- The paper introduces a unified interleaved data format that allows models to handle multi-image, video, and 3D scenarios collectively.
- It leverages the comprehensive M4-Instruct dataset with 1,177.6k samples and continued training strategies to enhance performance.
- Experimental results demonstrate state-of-the-art efficiency on multi-image benchmarks along with emerging cross-domain transfer capabilities.
LLaVA-NeXT-Interleave: Tackling Multi-image, Video, and 3D in Large Multimodal Models
Introduction
The paper "LLaVA-NeXT-Interleave: Tackling Multi-image, Video, and 3D in Large Multimodal Models" proposes a novel approach to unify various visual modalities within Large Multimodal Models (LMMs) using an interleaved data format. The existing LMMs have primarily been focused on single-image tasks, with less exploration into multi-image and other complex visual scenarios. This work introduces LLaVA-NeXT-Interleave, a model designed to process Multi-image, Multi-frame (video), Multi-view (3D), and Multi-patch (single-image) scenarios collectively in LMMs.
A significant contribution of this work is the adoption of an interleaved data format as a universal template. By considering images, video frames, and 3D views as part of an interleaved sequence, this approach creates a cohesive framework for training. This facilitates the model's ability to handle diverse data types seamlessly. It further simplifies the training process across various domains by allowing the emergence of new capabilities through cross-domain task composition.
Figure 1: Tasks in the M4-Instruct dataset including multiple images, video frames, and 3D views, organized in an interleaved format for unified processing.
M4-Instruct Dataset
To harness the potential of the unified format, the authors compiled the M4-Instruct dataset comprising 1,177.6k samples across four primary domains and 14 tasks derived from 41 datasets. This comprehensive dataset supports multi-image, video, 3D, and single-image scenarios, enabling the LMMs to evolve with diverse tasks and requirements.
Figure 2: Task examples in M4-Instruct showcasing scenarios from multi-image, multi-frame, and multi-view domains.
LLaVA-Interleave Bench
To evaluate the performance of LLaVA-NeXT-Interleave, the LLaVA-Interleave Bench was established. It is a benchmark designed to assess the model's capabilities in addressing multiple image scenarios. The benchmark includes a wide range of tasks both within and outside the training domain, providing a rigorous platform for performance validation.

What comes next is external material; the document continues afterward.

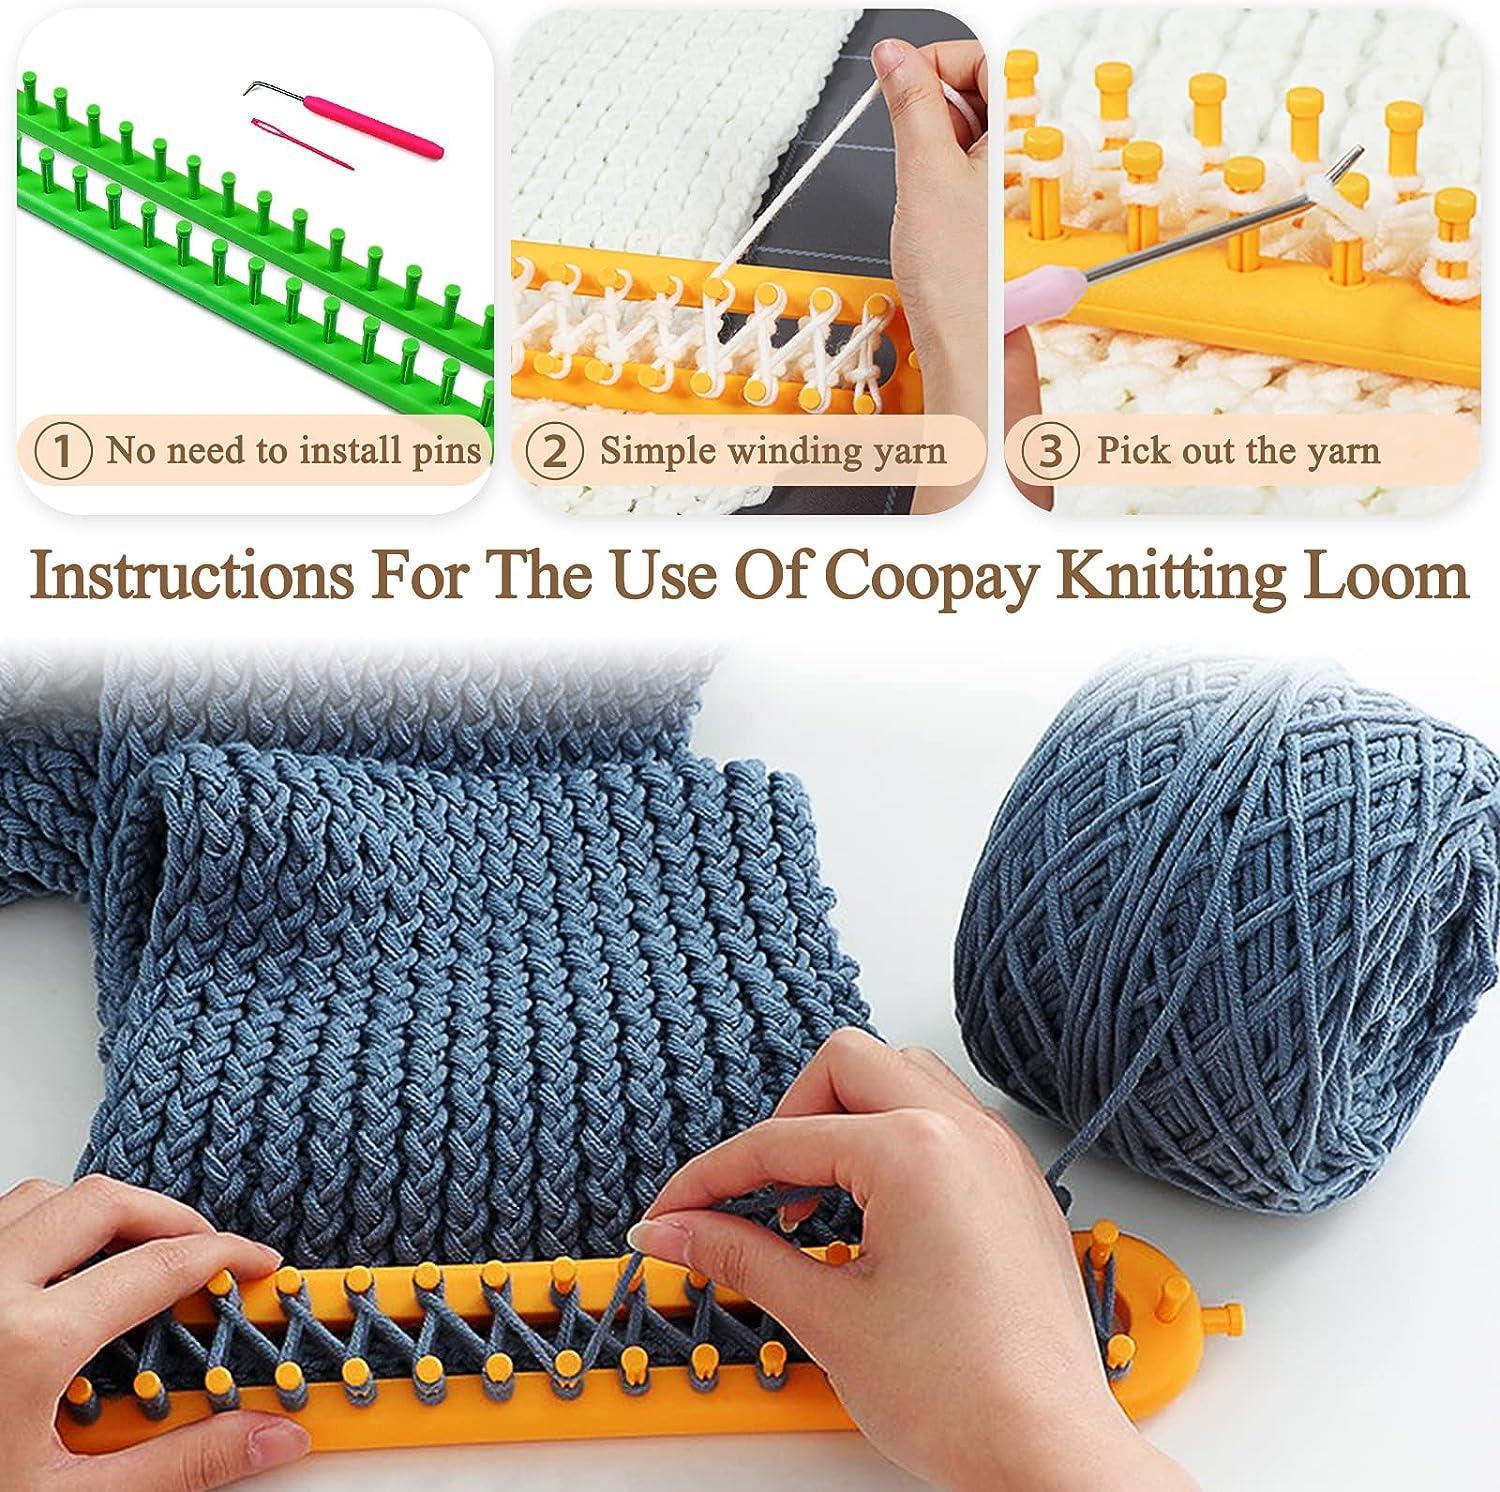  Coopay Knitting Loom Long Knitting Loom Kit, Rectangle Knitting  Looms for Blanket Scarf Shawl, 47 cm Green Loom Knitting Crochet Loom, Loom  Knitting Kit Blanket Loom with Hook & Needles for

Figure 3: M4-Instruct training data statistics illustrating the distribution of samples across various scenarios.
Figure 4: LLaVA-Interleave Bench statistics highlighting the evaluation metrics and tasks incorporated.

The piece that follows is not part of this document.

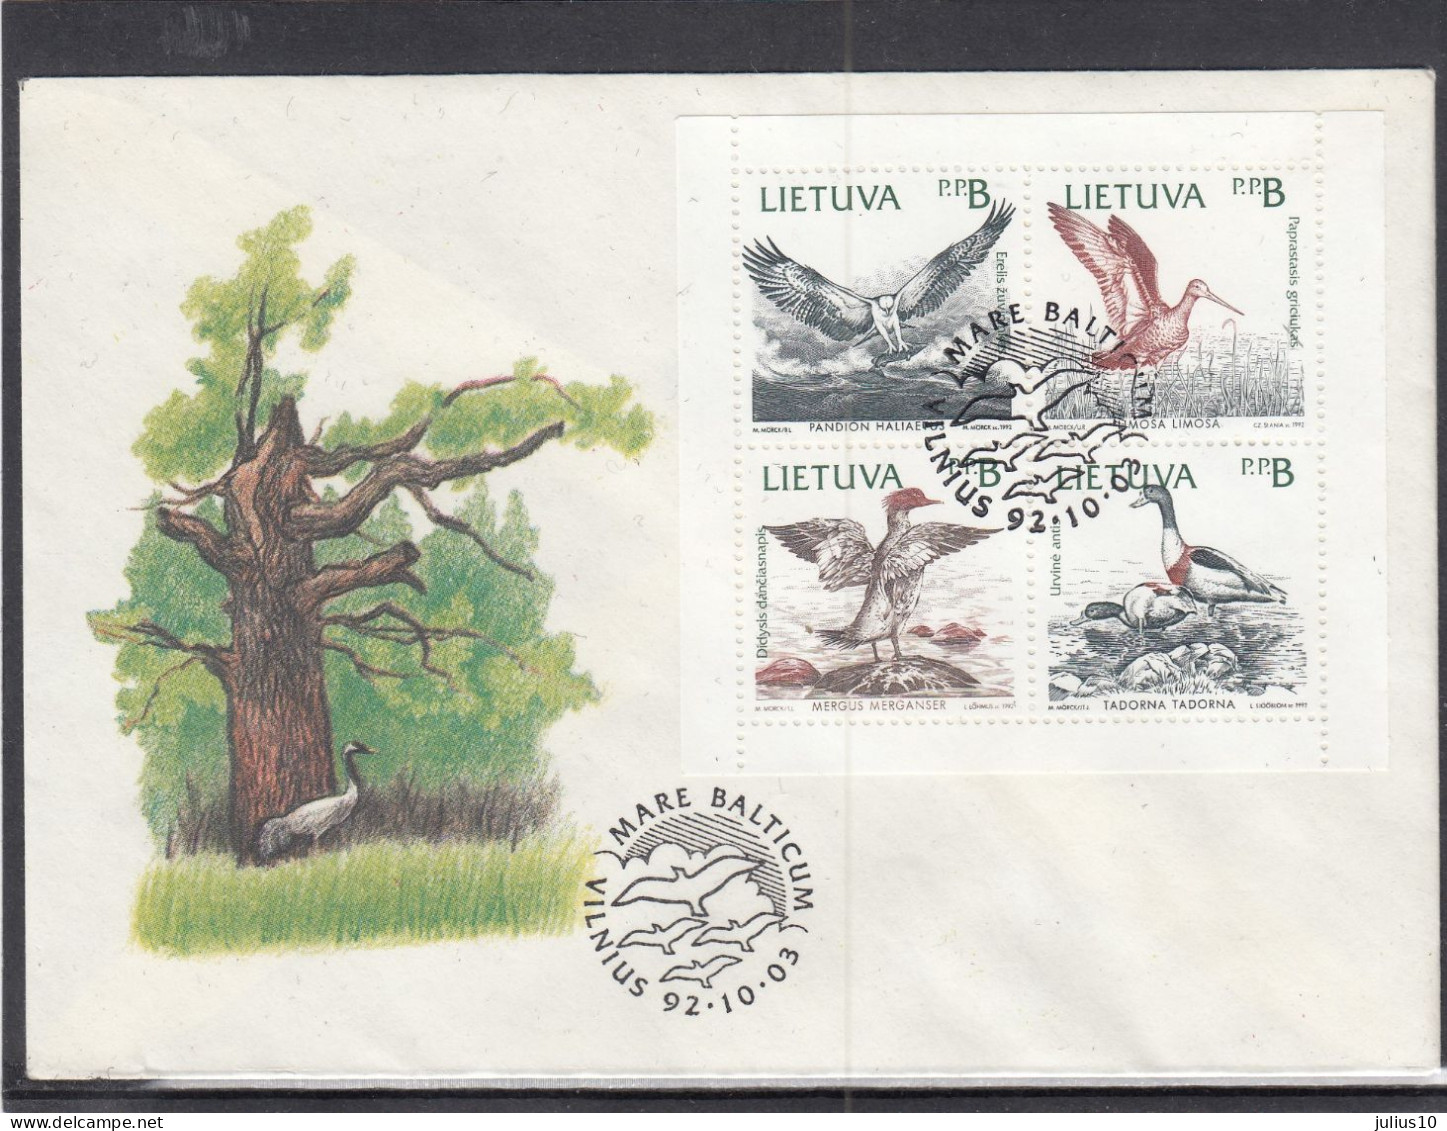 LITHUANIA 1992 Cover Birds Joint Issue #LTV273 - Lituanie

Training and Implementation Strategies
The implementation of LLaVA-NeXT-Interleave involves several techniques to enhance performance across various visual domains:
- Continued Training from Single-image Models: By building upon pre-trained single-image models, the approach leverages existing capabilities, transitioning smoothly into more complex multi-image tasks.

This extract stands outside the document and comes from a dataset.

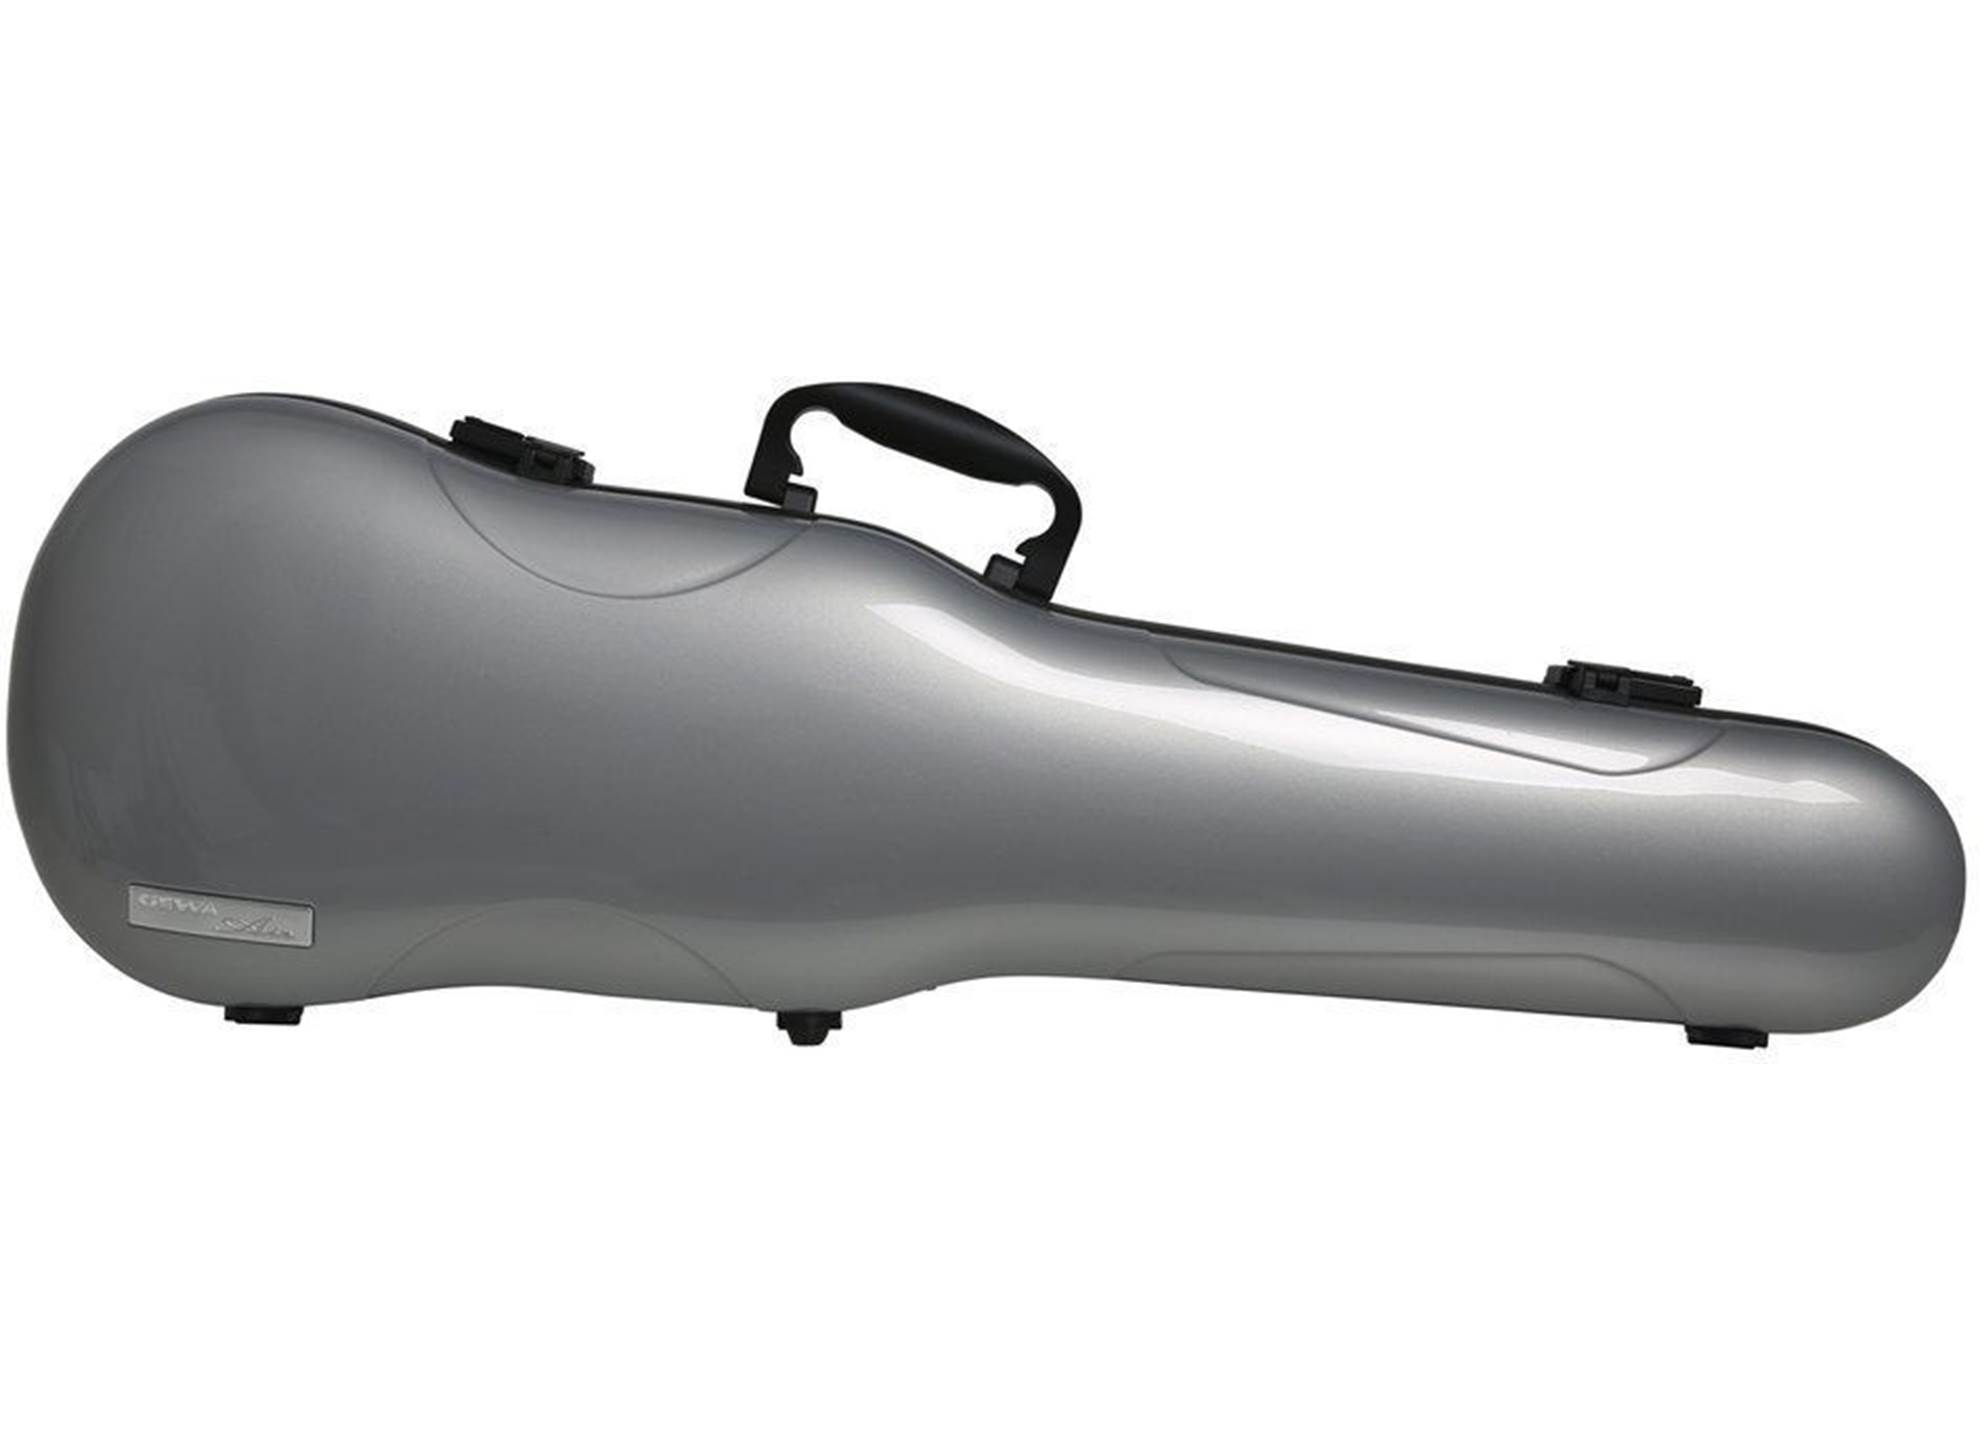 Form shaped violin cases Air 1.7 Silver Metallic

- Mixed Interleaved Data Formats: During training, using various interleaved and non-interleaved data formats adds flexibility and robustness to the model during inference.
- Combining Data Scenarios: Training on a mix of single-image, multi-image, and video tasks provides complementary insights, boosting individual task performance.
Experimental Results
The experimental results demonstrate the efficacy of the LLaVA-NeXT-Interleave model. It achieves state-of-the-art performance in several multi-image benchmarks and maintains high efficiency in single-image tasks. Additionally, the model exhibits emerging capabilities, such as task transfer across different modalities and scenarios.
Conclusion
LLaVA-NeXT-Interleave marks a significant step towards unifying heterogeneous visual data within large multimodal models, expanding their versatility and applicability in real-world scenarios. The methodologies and datasets introduced could pave the way for more integrated and capable AI systems that accommodate diverse visual information seamlessly. Future developments may explore deeper integration of these concepts, unlocking further potentials in AI-driven visual understanding and interaction.